Task instructions: Exact reproduction of the data is required, with images excluded.

*** Data below Section Begins ***

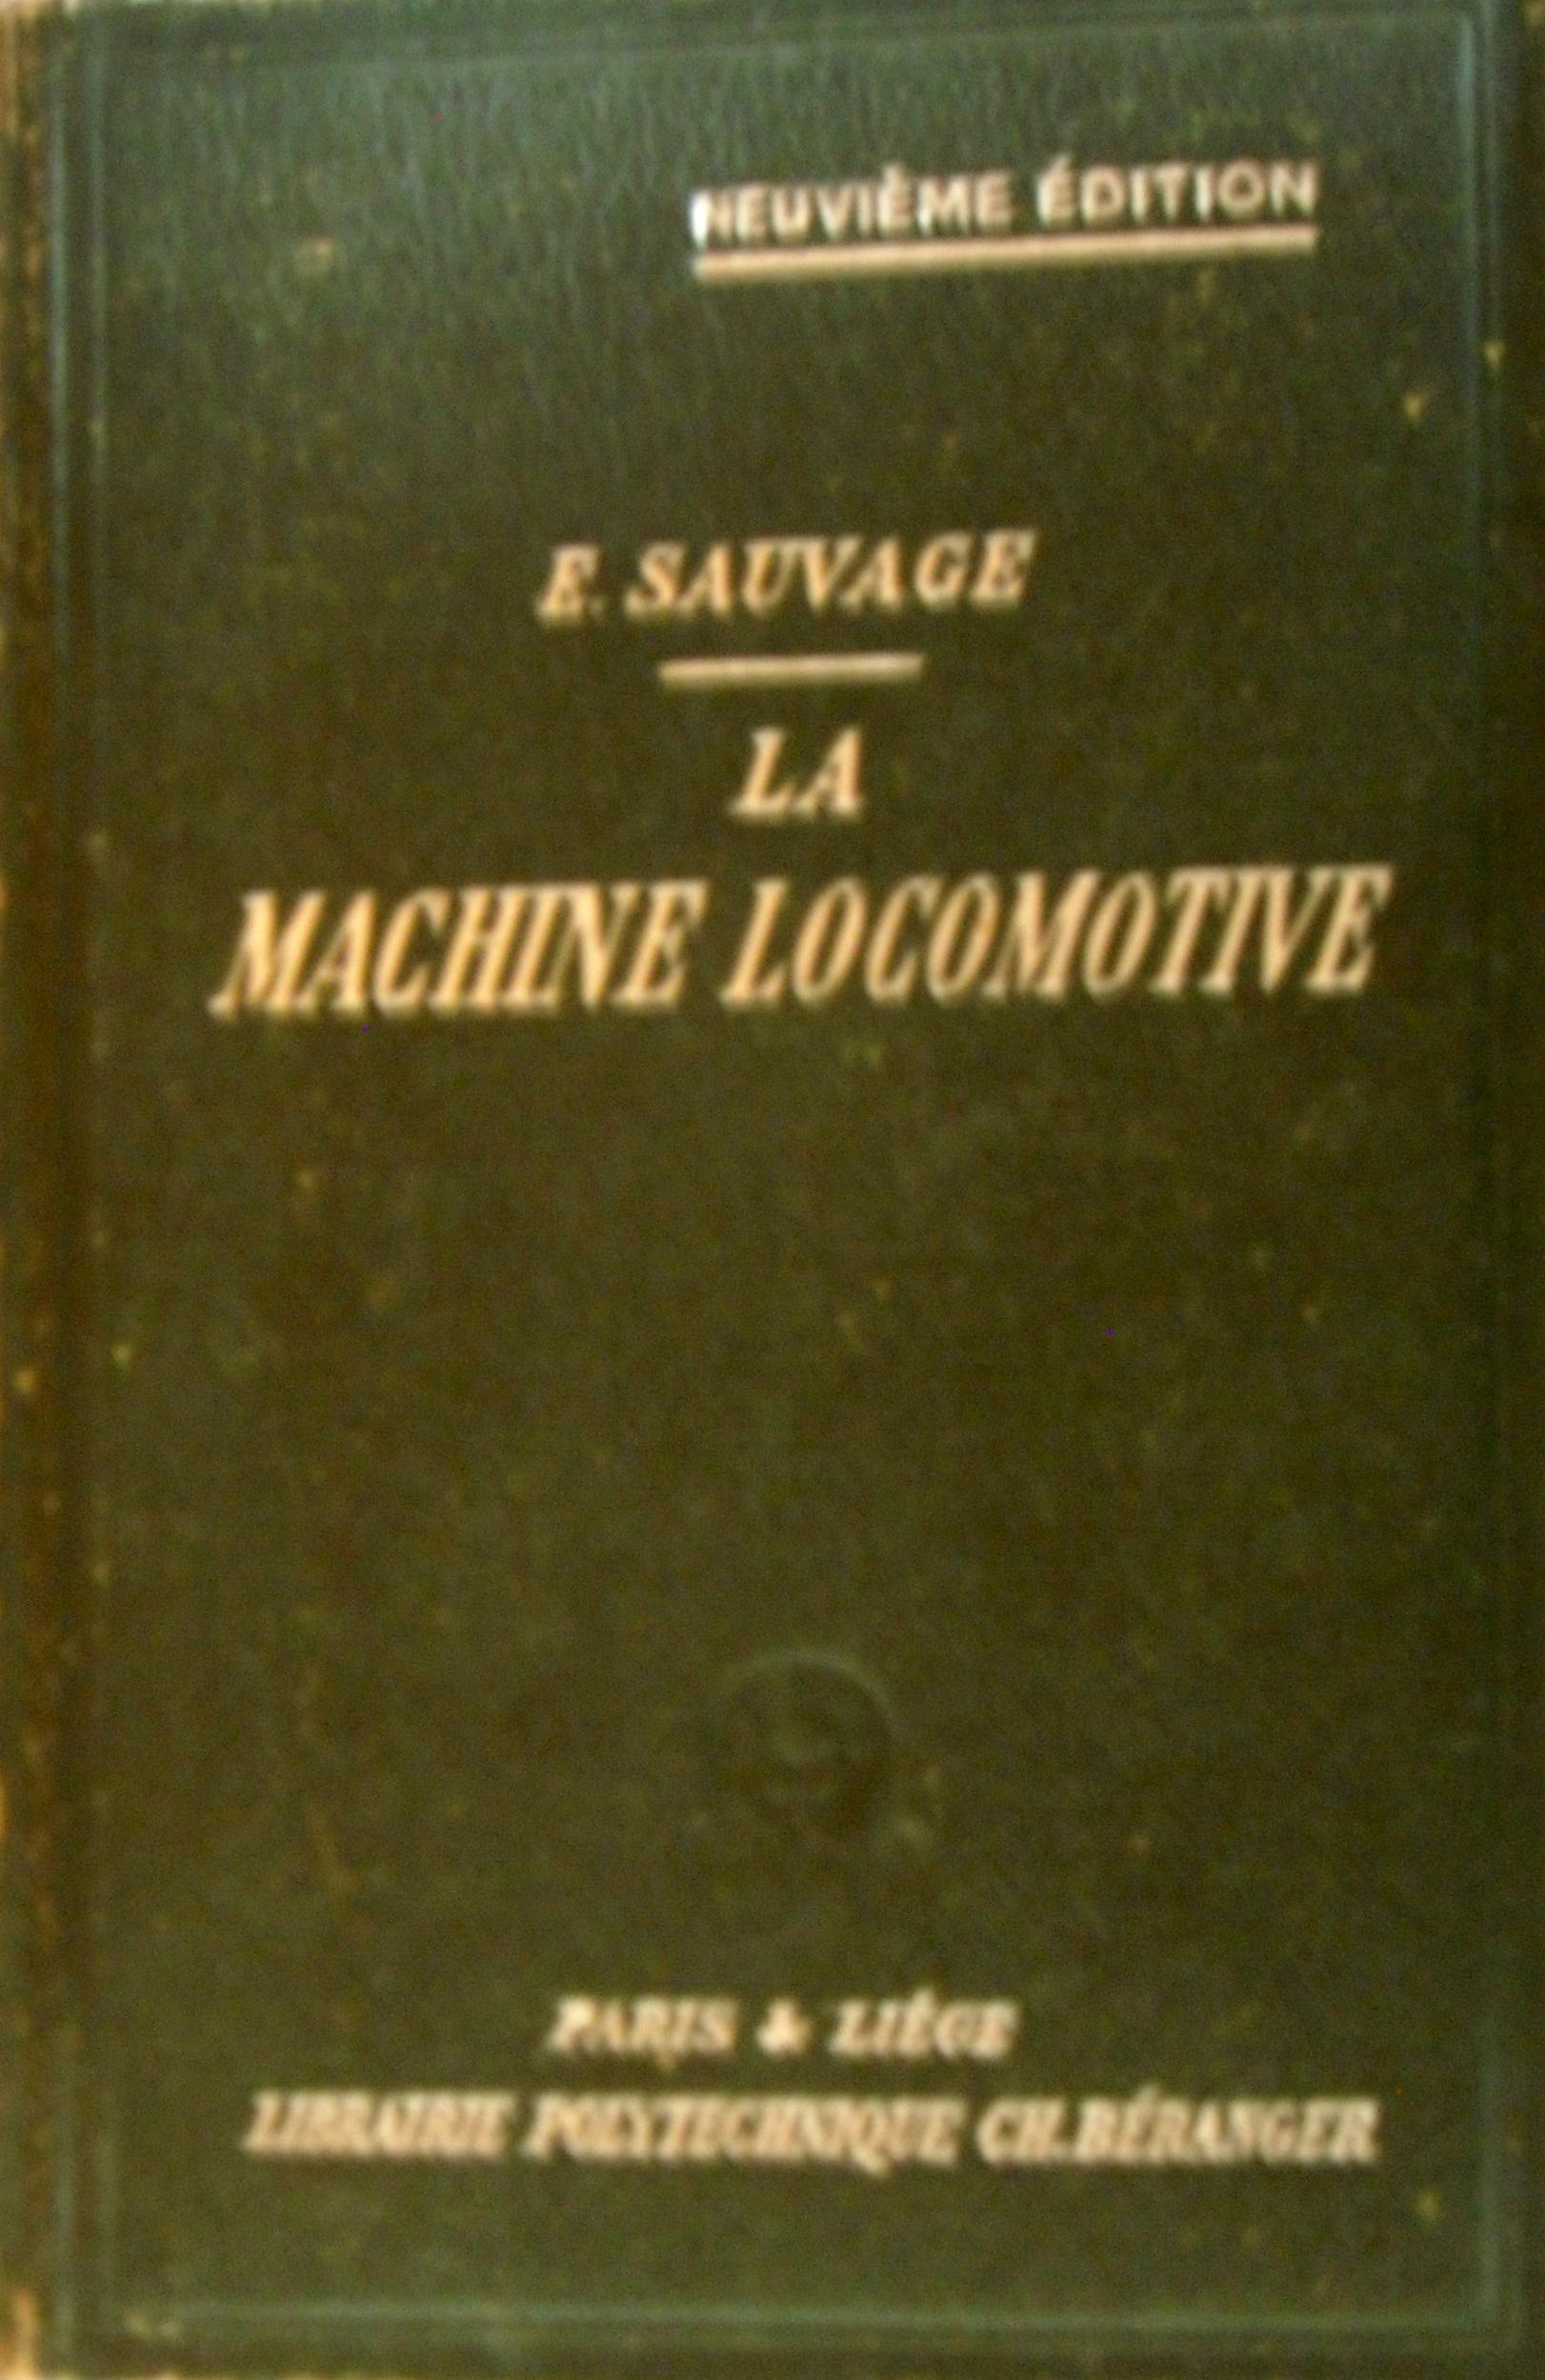 sauvage_locomotive_vapeur_couverture.JPG
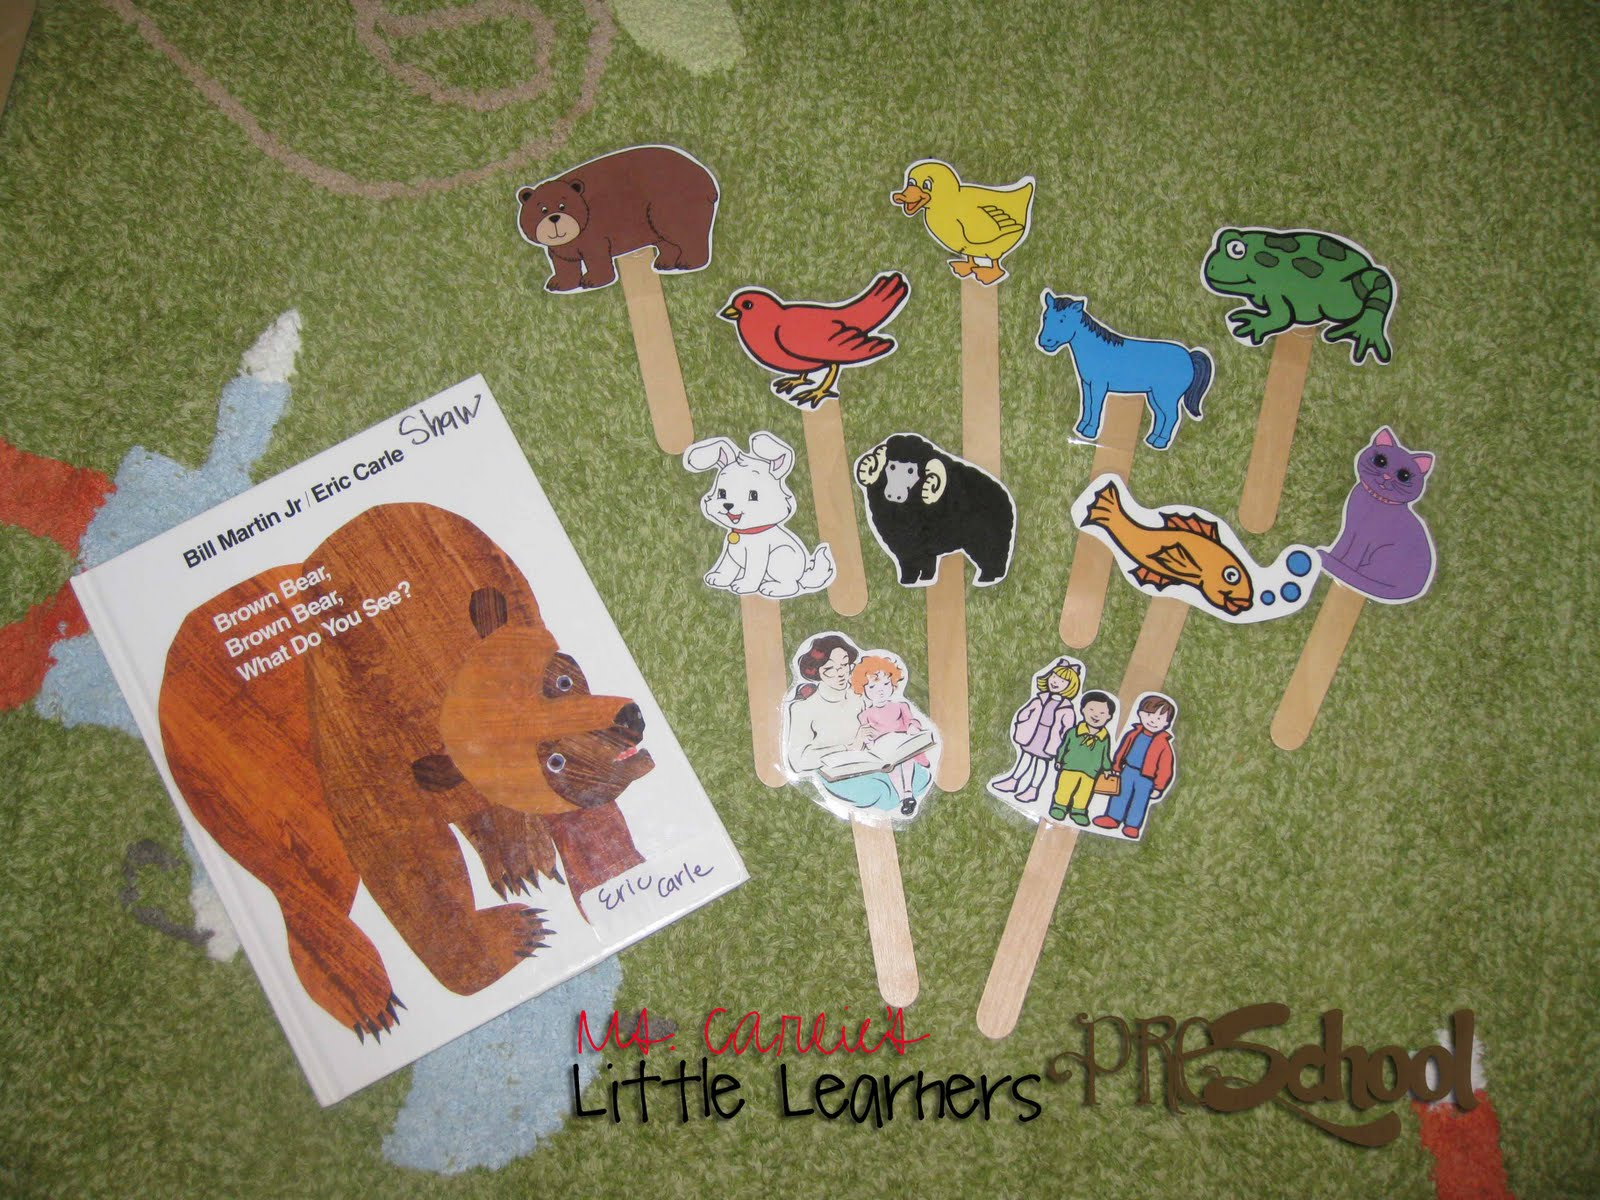 Ms Carlie S Little Learners Preschool September Week One
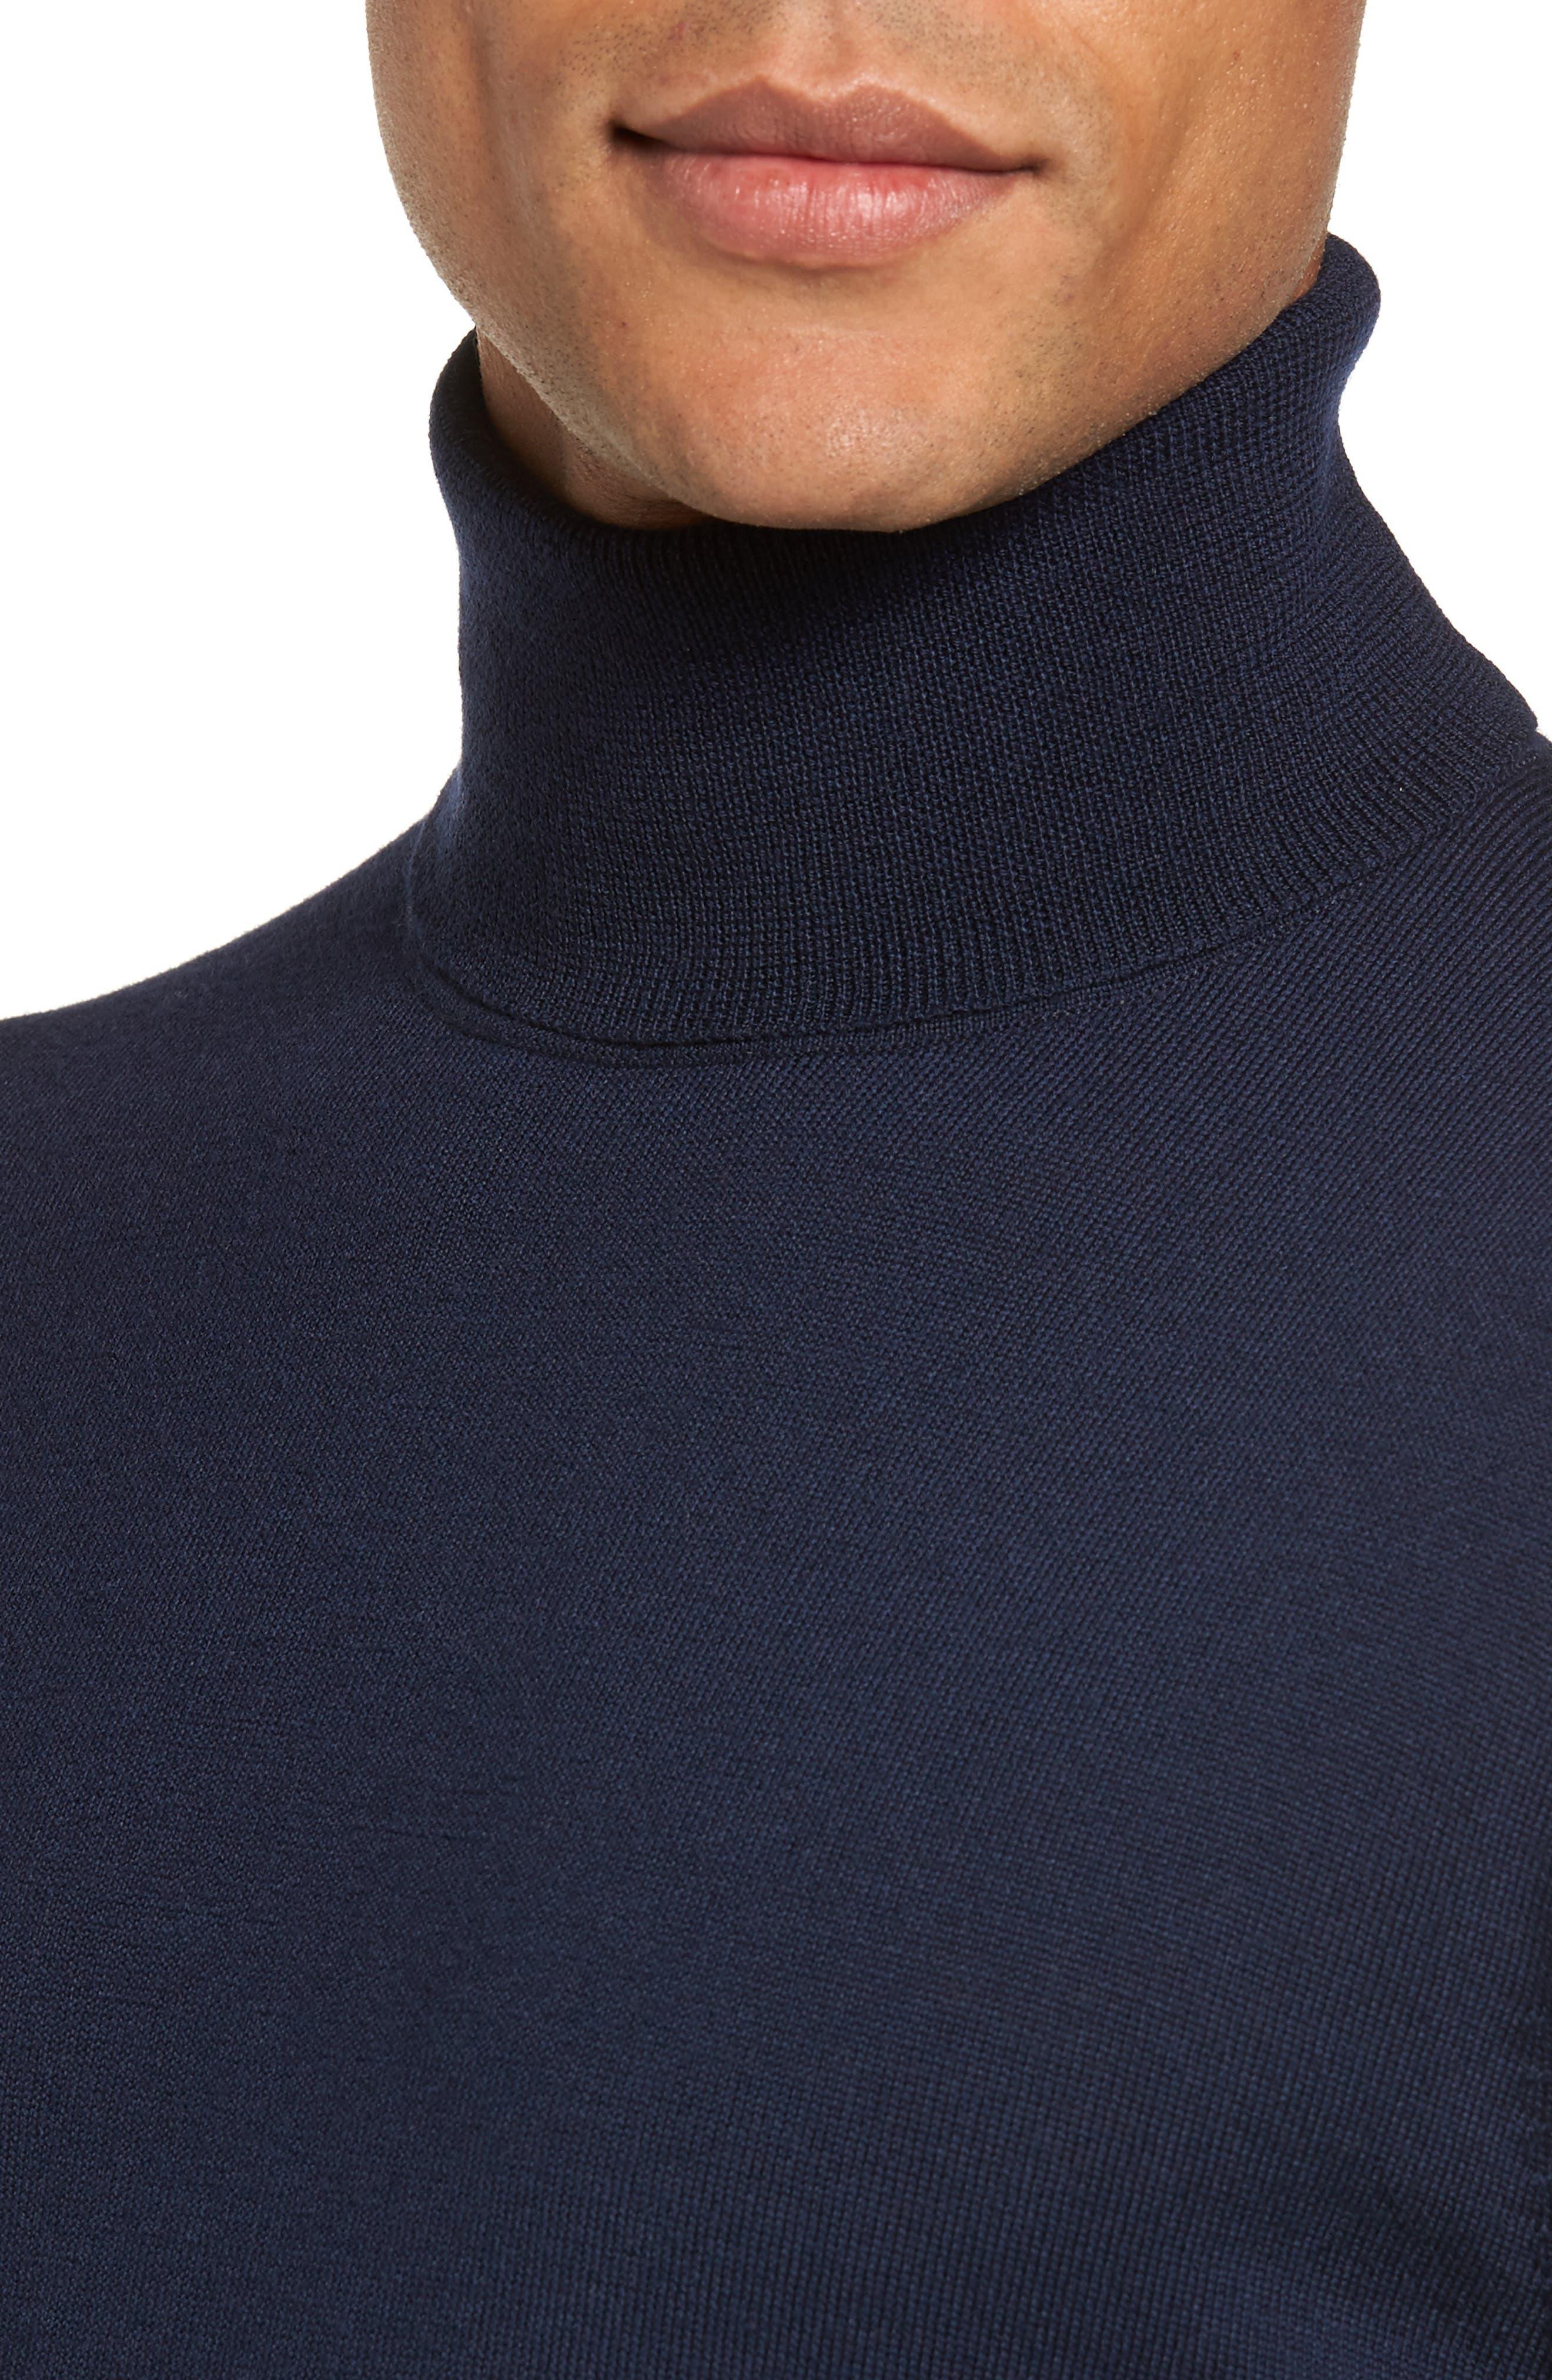 Merino Wool Turtleneck Sweater,                             Alternate thumbnail 23, color,

*** Data below Section Ends ***

Answer box:
 sauvage_locomotive_vapeur_couverture.JPG
 Ms Carlie S Little Learners Preschool September Week One
 Merino Wool Turtleneck Sweater,                             Alternate thumbnail 23, color,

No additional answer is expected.